2. Fundamental miscarriage of justice
"A fundamental miscarriage of justice occurs only in those extraordinary instances when a constitutional violation probably has caused the conviction of one innocent of the crime." Funderbird-Day v. Artuz, 2002 WL 31427345 (S.D.N.Y. Nov. 4, 2002) (quoting Rodriquez v. Mitchell, 252 F.3d 191, 204 (2d Cir. 2001). To show a fundamental miscarriage of justice, petitioner must show by clear and convincing evidence that but for the constitutional error, no reasonable juror would have found the petitioner guilty. Reyes, 1999 WL 1059961, at *2 (quoting Sawyer v. Whitley, 505 U.S. 333, 335 (1992)). Here, petitioner does not make any showing to meet his heavy burden.
B. Exhaustion
Additionally, petitioner's claim in regard to the prosecution's impeachment must fail because it is unexhausted in state court. The only issue presented to the New York Court of Appeals was whether the "911" calls were impermissibly admitted, and therefore petitioner's impeachment claim is not exhausted. Petitioner must have exhausted all of his remedies available through the state courts first before obtaining federal review, unless there is an absence of state corrective process available or the circumstances render that process ineffective to protect his rights. 28 U.S.C. § 2254(b)(1). Petitioner makes no showing, however, that circumstances rendered the state process ineffective to protect his rights. Id. § 2254(b)(1)(A)(ii). Furthermore, although there is "an absence of available State corrective process," id. § 2254(b)(1)(A)(i), because petitioner is now procedurally barred from applying a second time to the Court of Appeals to exhaust his impeachment claim, see N.Y.C.P.L. § 460.20; People v. McCarthy, 250 N.Y. 358 (1929), the Second Circuit has held that in such a circumstance "federal habeas courts also must deem the claims procedurally defaulted." Aparicio v.

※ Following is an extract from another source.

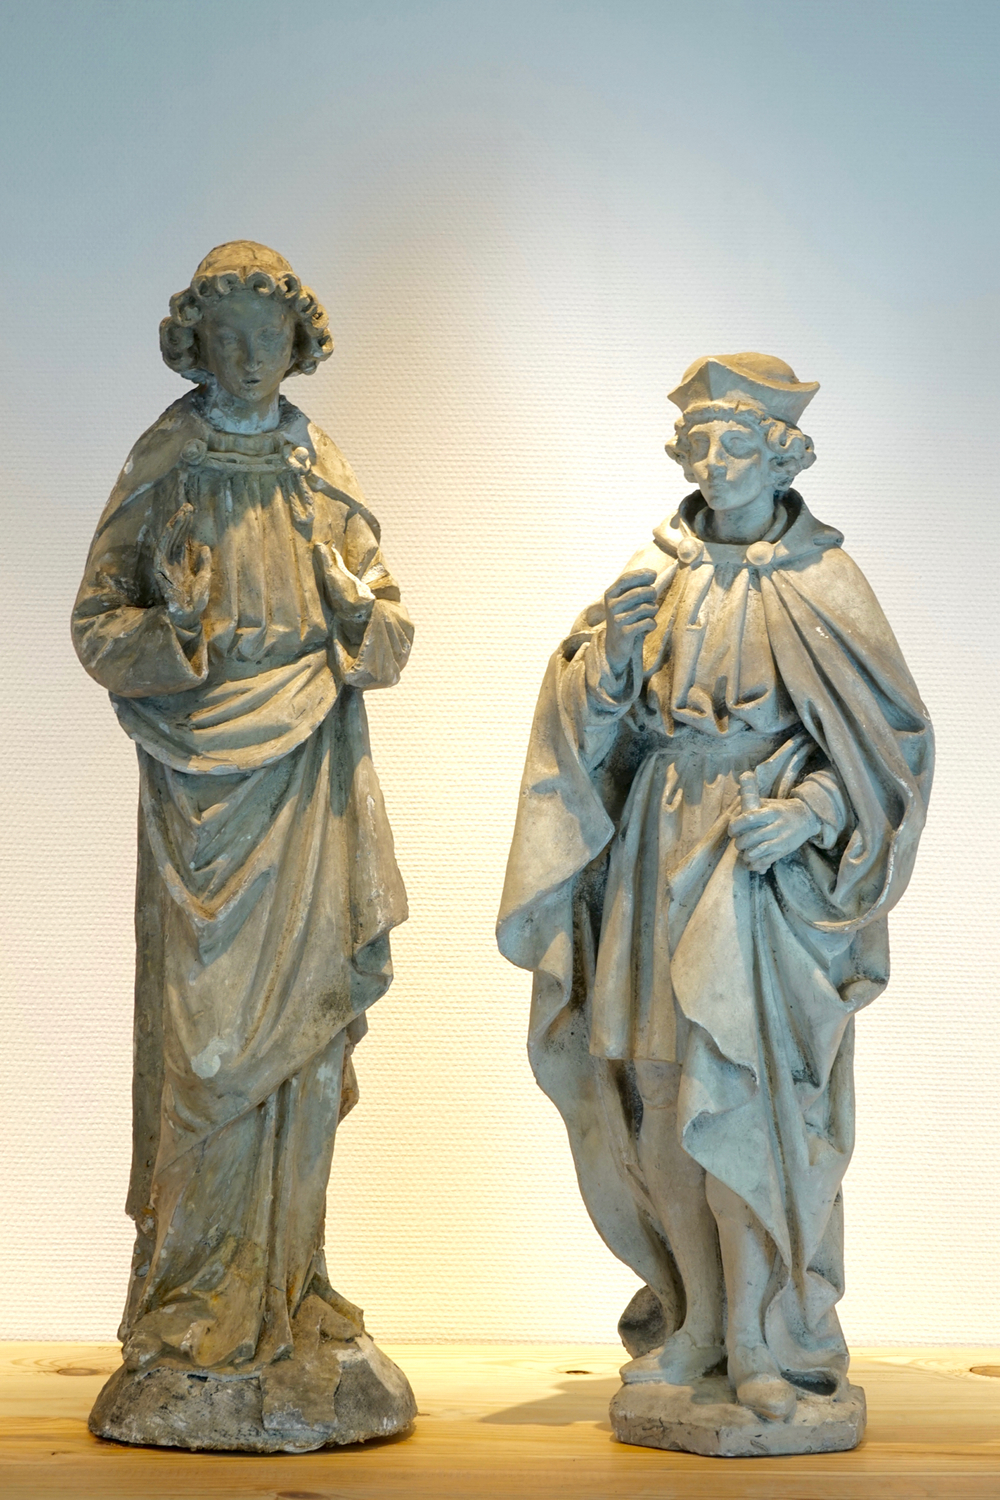 Two 90 cm plaster casts of religious figures, 19/20th C., Bruges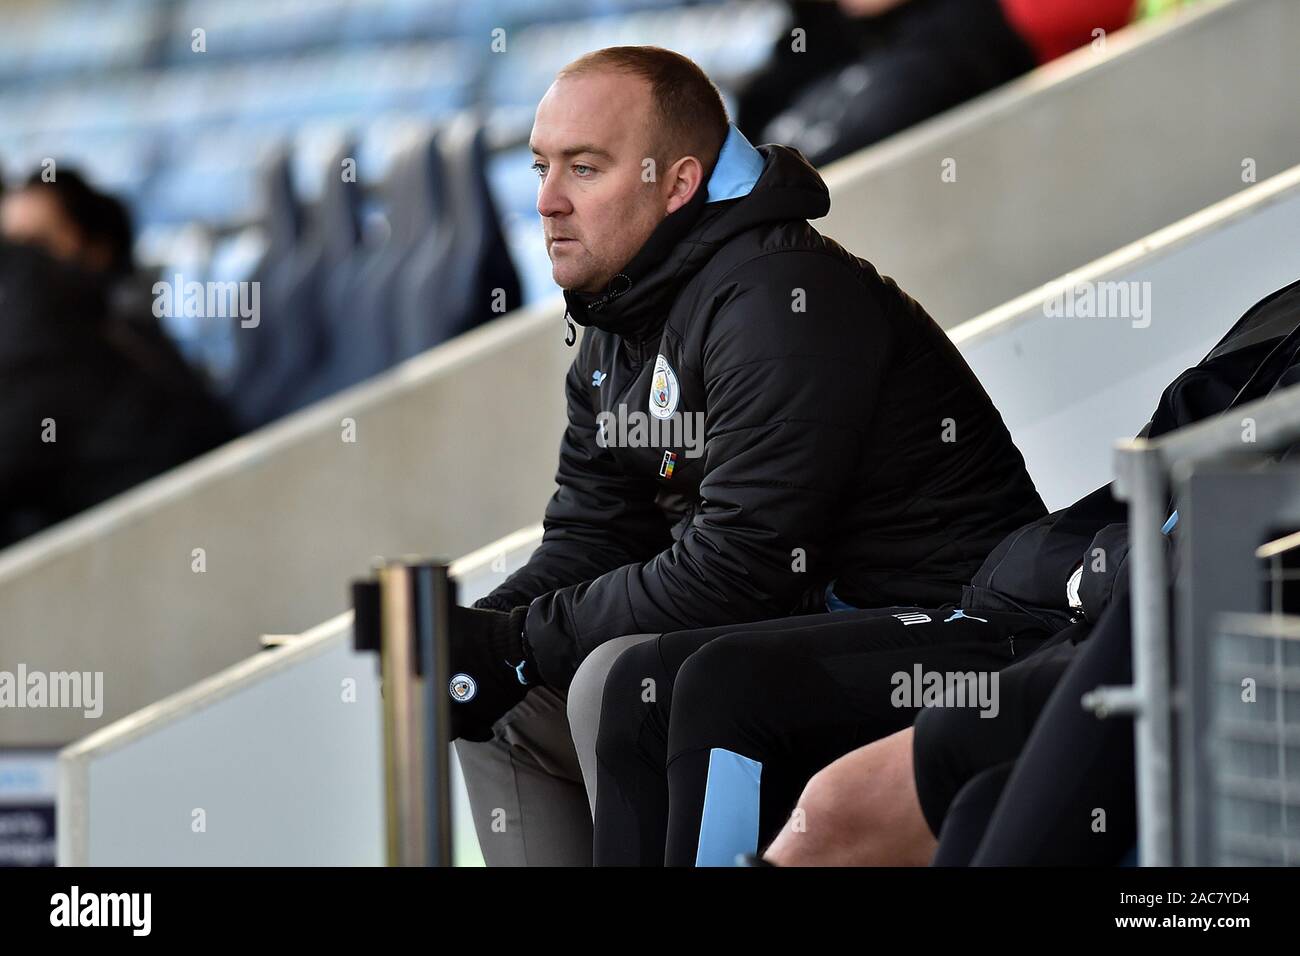 Manchester, UK. 01st Dec, 2019. MANCHESTER, ENGLAND - DECEMBER 1ST Nick Cushing, manager of Manchester City in action during the Barclays FA Women's Super League match between Manchester City and Liverpool at the Manchester City Academy Stadium, Manchester on Sunday 1st December 2019. (Credit: Eddie Garvey | MI News) Photograph may only be used for newspaper and/or magazine editorial purposes, license required for commercial use Credit: MI News & Sport /Alamy Live News Stock Photo

Artuz, 269 F.3d 78, 90 (2d Cir. 2001) (citing Coleman v. Thompson, 501 U.S. 722, 735 n. 1). Petitioner fails to show good cause and prejudice or a miscarriage of justice to excuse this procedural fault, and his impeachment claim is therefore barred from federal review for this additional reason. Id.; Glenn, 98 F.3d at 724.
IV. CONCLUSION
For the foregoing reasons, petitioner's § 2254 habeas petition is denied and the R R affirmed. The Clerk of the Court is instructed to close any pending motions and remove this case from my docket.